Post by Sclass » Thu Aug 11, 2016 9:33 pm

Hi bike gurus. I just had a very frustrating afternoon trying to get a shimano grip shift system to go through all the gears.

Bought a Diamondback Hybrid bike for $40 on Craigslist. I was trying to replicate a hit I got on a nice mountain bike I bought on CL for $75. There are deals out there but today I got stung a bit.

The bike was a bit rusty but it cleaned up ok. When I got it cleaned I tried riding it and the derailleur out back didn't shift up or shift down. The grip shifter had too much friction.

So I cleaned up the cable and found the rear derailleur was jammed. I dejammed it with penetrating oil and it "seemed" to work. I could swing it back and forth. Felt stiff and gritty. Barely shifted into low and wouldn't shift into high when I released the tension in the cable. As if he return spring was too weak to overcome friction.

So I was at a loss.

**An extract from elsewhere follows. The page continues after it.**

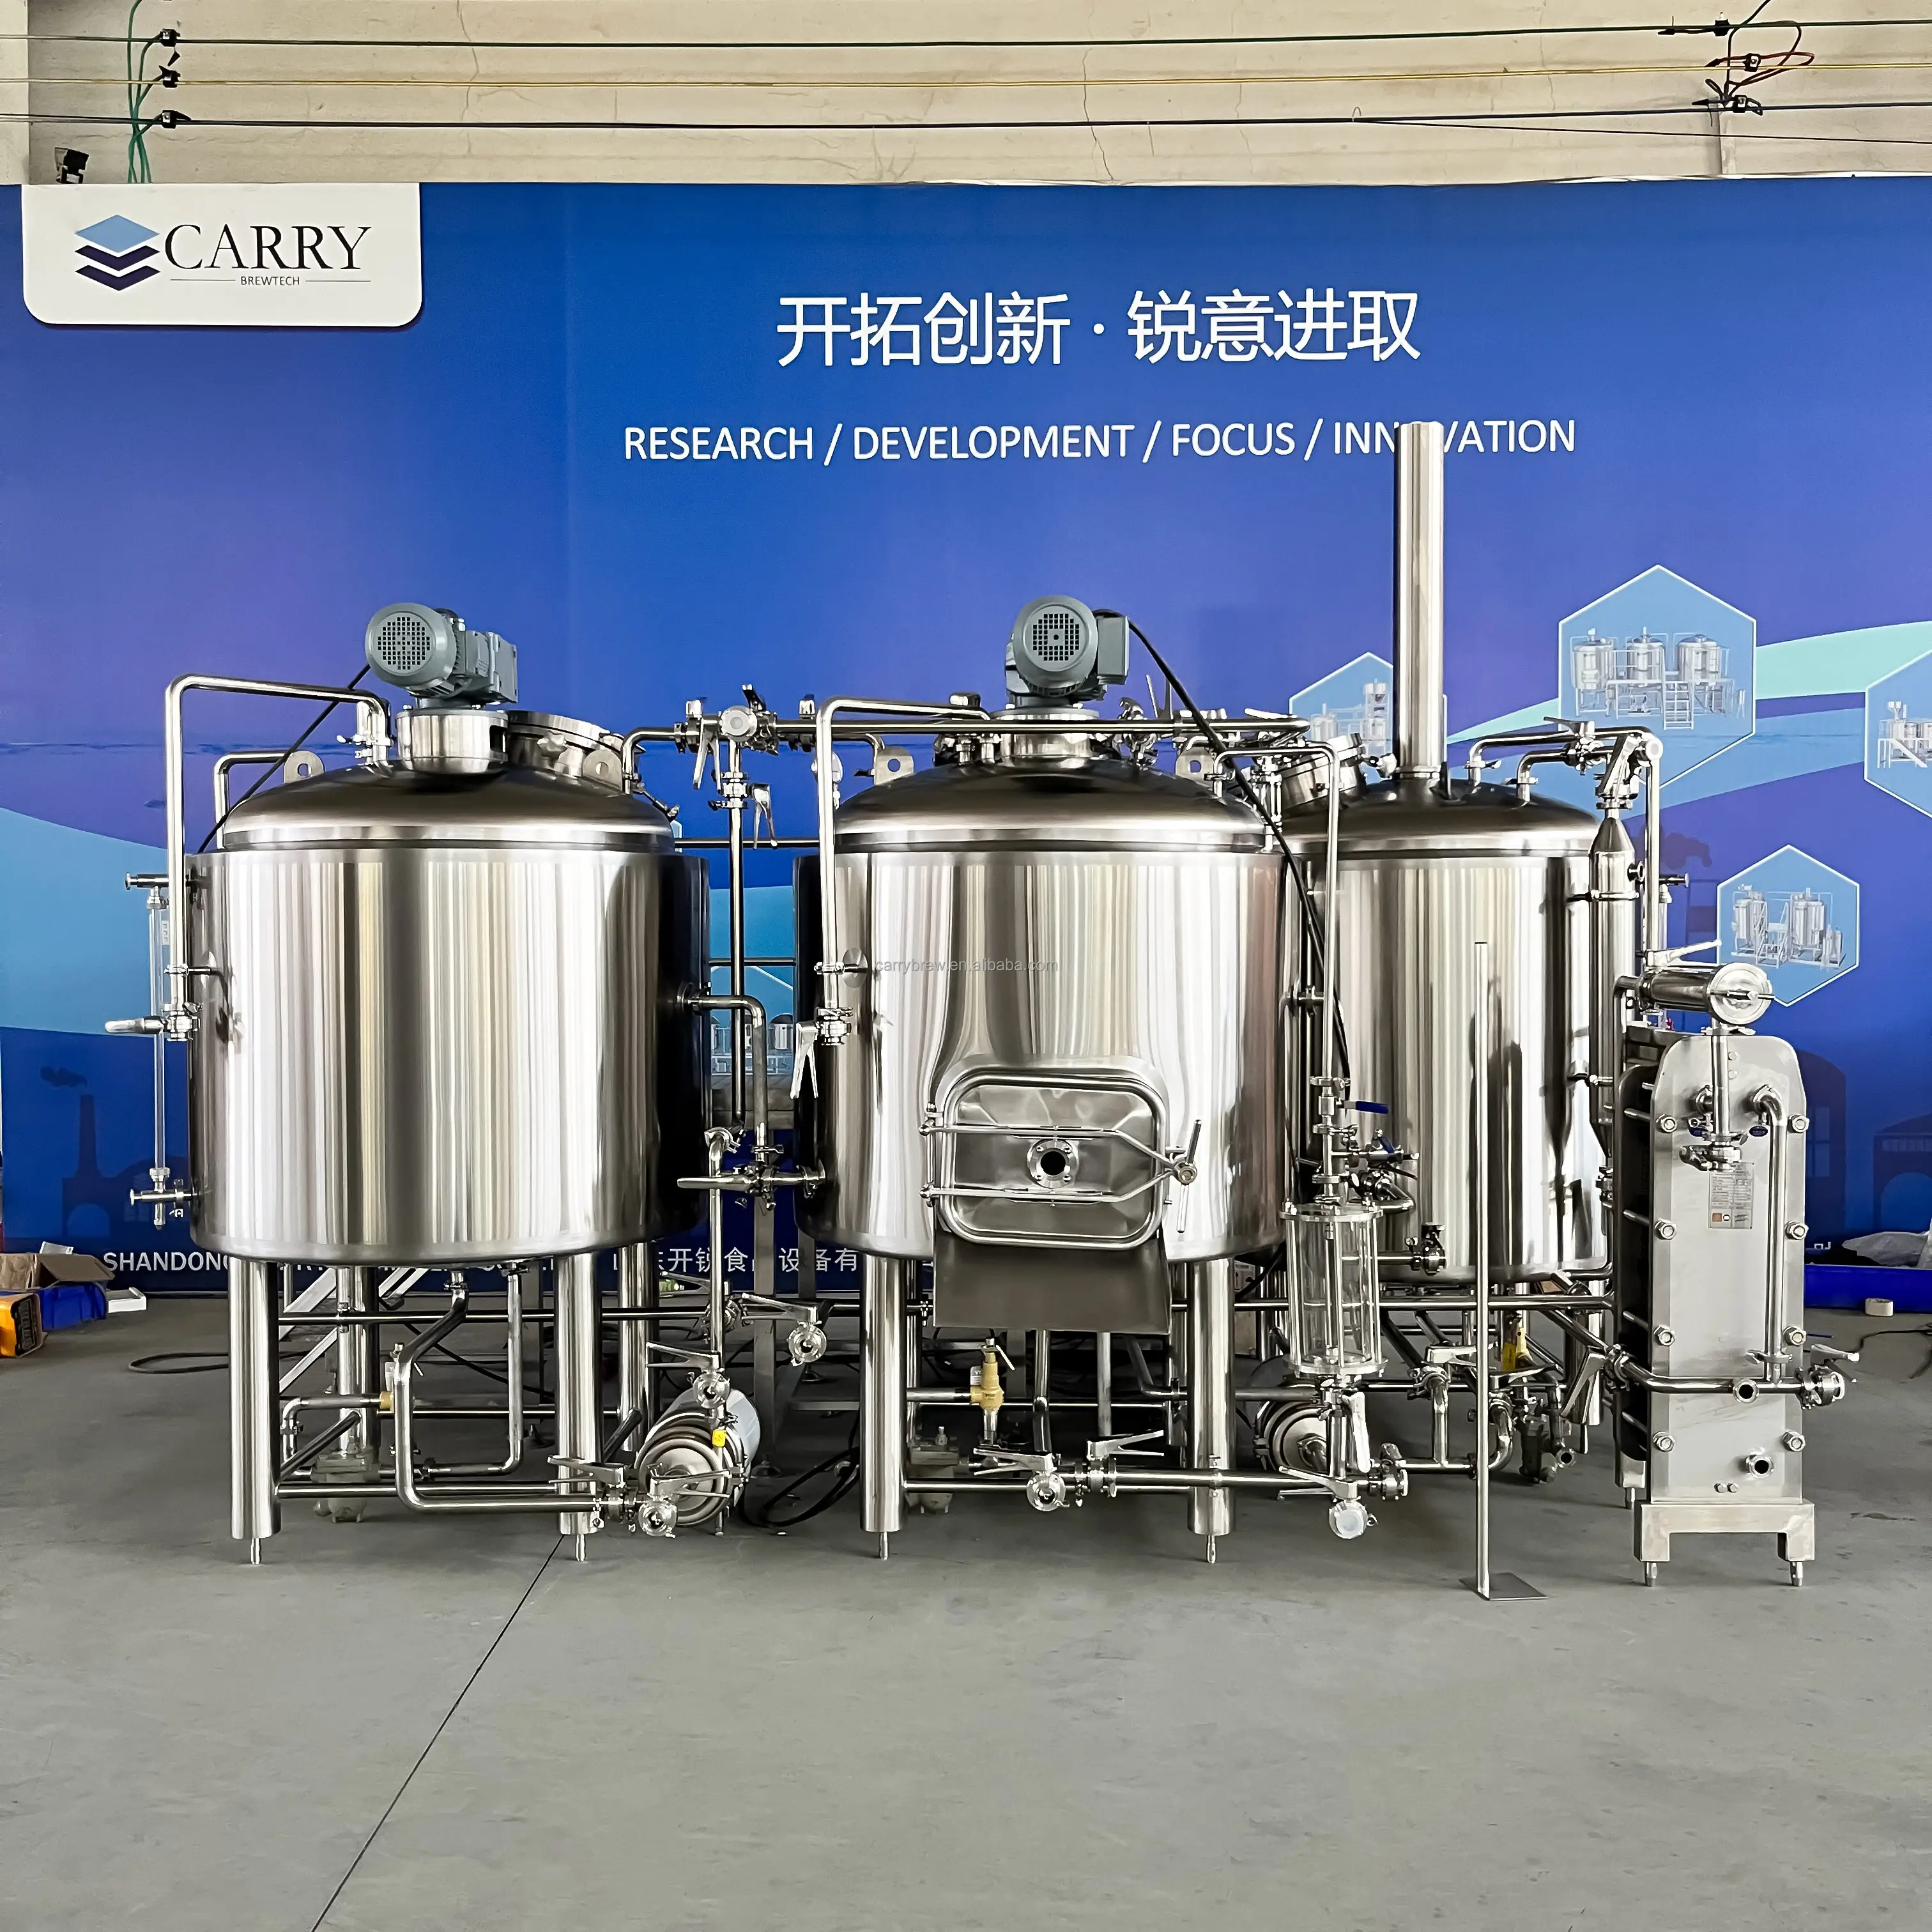 500L 800L 1000Lビール醸造所マイクロビール醸造装置と発酵装置の組み合わせターンキークラフト醸造システム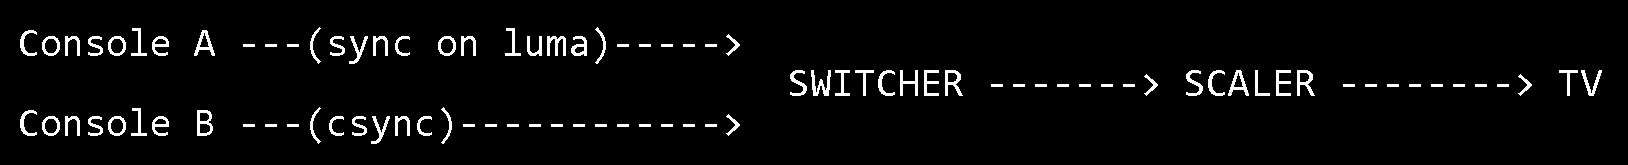 switcher_setup

I gave up on one of these derailleurs before and never got it working perfectly before dumping the bike. This was really frustrating. I was almost ready to post up to you bike gurus here. I just don't know what is important here. Are these things that sensitive? It had the right freedom of movement but just a tad too much friction from grit or junky coagulated lubricant.

I think so. I dunked the entire derailleur, chain and freewheel cassette into the parts wash. It came out grit free and grease free. It not only worked manually in my fingers but it also shifted well as I rode the bike up and down the street.

So I guess what I'm asking is do you guys have to keep these parts super clean for them to function perfectly? They seem very unforgiving. The return spring tension is pretty marginal as is the tension in the cable. It seems to function in a very narrow margin of functionality.

Is this what expensive bike tuneups are all about? (I never got one).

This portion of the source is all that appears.